Second, it would be wise for the US to separate corporate secrets related to trade disputes and litigation from trade secrets related to future competitive strategies against Chinese (and other national) companies. The Wall Street Journal’s Holman Jenkins, Jr, lamented in regard to the current indictments that: ‘sadly the picture is mudded by Washington’s focus partly on data related to trade litigation and green subsidies, areas where an odour of cronyism wafts from our side, too.’ In the current indictments, there were strategic business strategies unrelated to trade litigation that were hacked from Westinghouse and Alcoa, but their significance got lost in the heavy emphasis on the trade disputes data.
Third, while it plays well politically and in the domestic media, the administration would be well advised to tone down its moral indignation against Chinese incursions. Though it may seem utopian at this point, at some time in the future America will have to reach an accommodation with China and other nations on the broad challenges of cybersecurity. Naming and shaming individual Chinese military units and individuals should be viewed as a necessary interim tactic, rather than a long-term solution.

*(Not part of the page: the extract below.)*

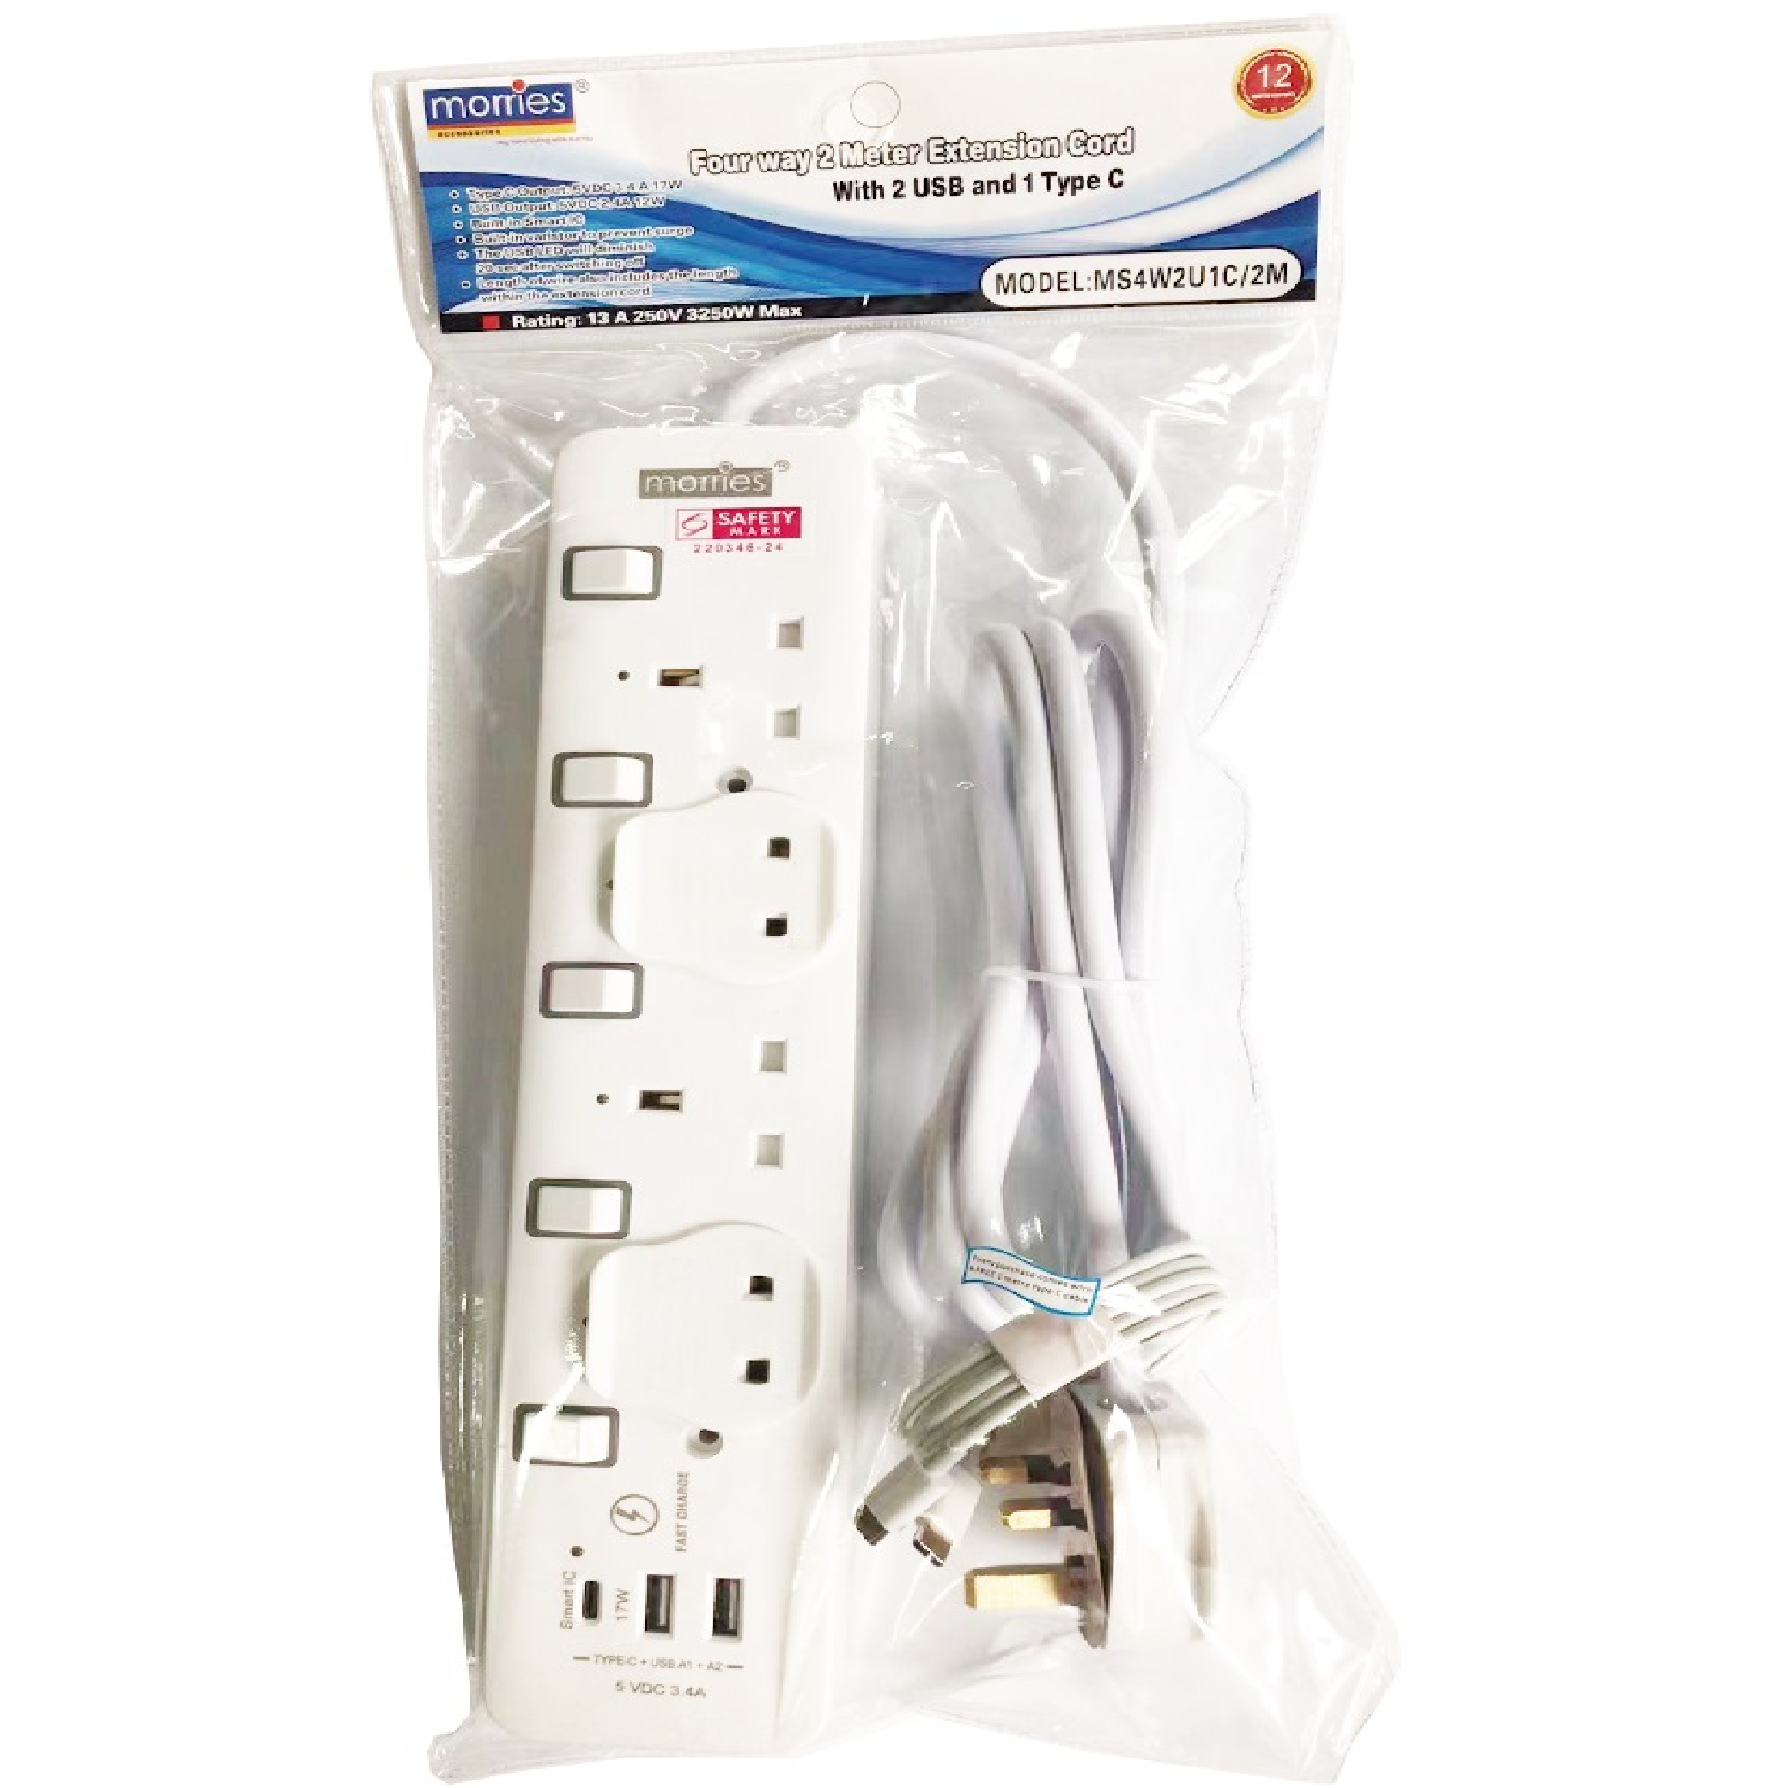 Morries 4 Way 2M Extension Cord With 2 USB & 1 TYPE C MS4W2U1C/2M

This leads to a final point: Secretary Gates admitted that he does not know ‘where it goes from here.’ The administration is probably in the same position. Is the US willing to take more definitive action against Chinese companies — denying them access to US financial resources, or access to American markets, if they have been shown to benefit by IP theft (a hugely difficult case to prove, admittedly)? Is it willing to bear the brunt of retaliation from China against many of America’s world-leading high-tech companies, and to achieve credibility by taking action against other nations whose companies also benefit from economic spying?
None of the above is intended to place singular blame on the Obama administration: this is new territory and balancing economic and security national interests will be difficult and, potentially, treacherous. Getting the priorities and terms right in future Chinese indictments would be a good start toward a more carefully thought out set of policies.
Claude Barfield is a resident scholar at the American Enterprise Institute for Public Policy Research.